通向城外的道路已经被变成了一片火海。那辆坦克转向,试图在别处找一条出路,日军的队形也终于散乱,他们也散向各条巷道自寻活路。四道风叫道:“抄近道!我有近道!”他又去背欧阳,这次欧阳把他推开了:“这回你自己去吧,我这残废帮不上忙。你智勇双全,可以独当一面了。”四道风有些感动,扶着欧阳在巷口坐下:“好好等着。打跑了鬼子回来,买烧鸡你吃。”欧阳点点头:“好好活。别想多了,这……就是胜利。”

四道风点点头,欧阳拍了拍他的脸,他又忽然赧然起来,掉头就走。欧阳又好气又好笑地看着他的背影。突然引擎声响,欧阳转了一下头看见刚进城的一小队国民党军人,一个个衣衫光鲜,看着眼前阻住大路的火焰,脸上写满了倨傲和疑惑。一个军官嚷道:“喂,这里在干什么?”欧阳温和地笑了笑,但那笑容让对方觉得嘲讽:“这里,哦,这里在庆祝你们说的胜利。”长谷川看着前边溃退回来的坦克和步兵,那边烧出来的浓烟在这里都看得见,虽然一直在忙堵住鼻子里的流血,可他立刻清楚发生了什么,他大叫:“别走这条路。

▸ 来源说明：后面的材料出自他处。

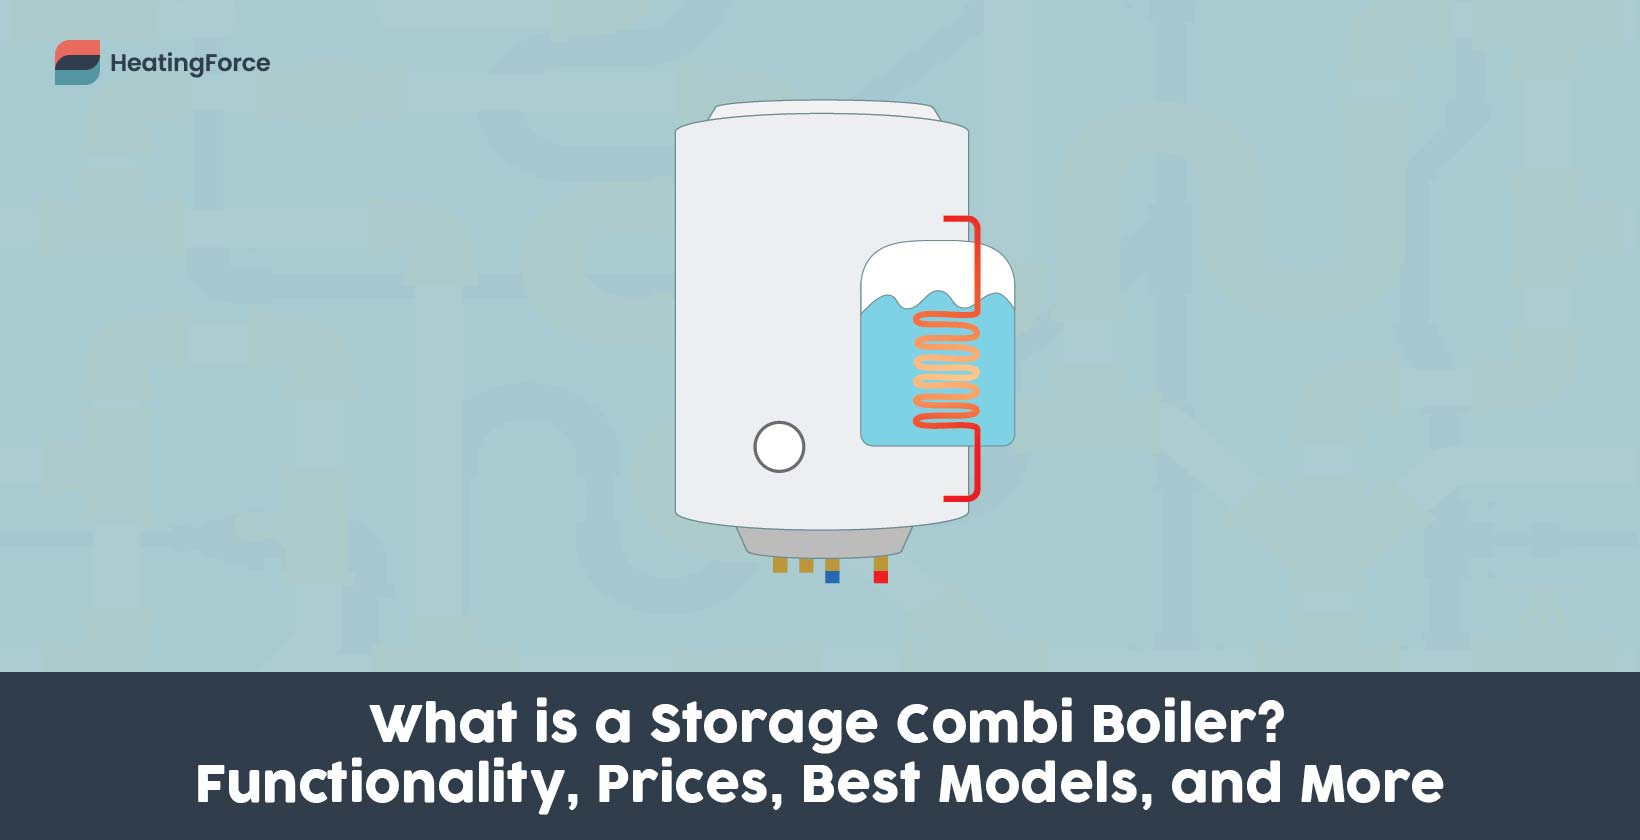 Storage combi boiler
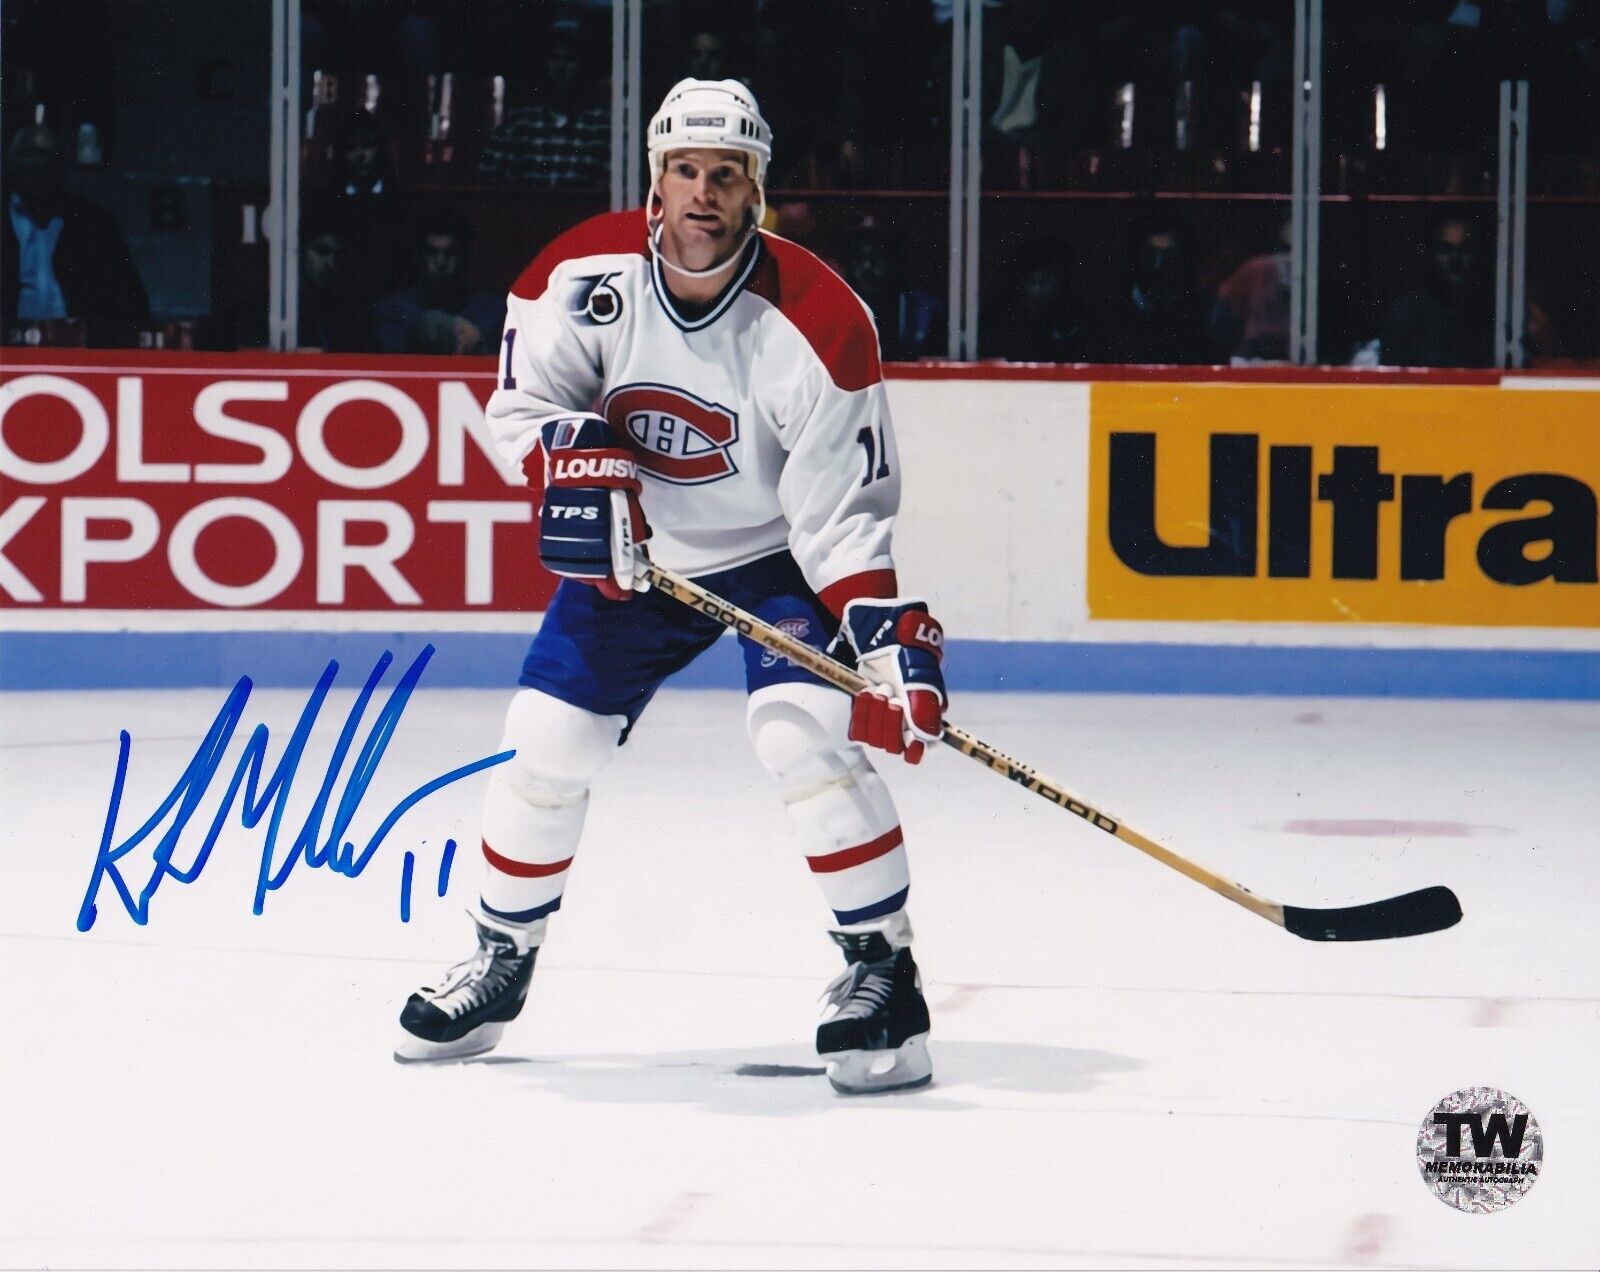 KIRK MULLER Autographed Photo (8 x 10) - Montreal Canadiens - TW PRESTIGE

”

宇多田仍是晕晕沉沉:“走哪里?”

长谷川指了一条最安静也没有枪声的路,卡车向那里拐了过去。六品从巷子里冲出来穷追不舍,龙文章看了看反方向溃逃过来的日军,他气恼地跺了跺脚,仍跟着六品。

伊达的坦克在街上轰鸣,如同发怒的怪兽,但四道风的人从死角里冲出来,又摔了几个燃烧瓶。坦克尽最快的速度转向,可看见的只是一群刚跑进巷子里的人影,一炮轰了过去,只是让他们跑得更快。伊达气得捶着这个冷硬的装甲怪物:“这个混蛋!和我来场像样的决战!”缓缓转身,伊达寻找着那群和他纠缠不清的人。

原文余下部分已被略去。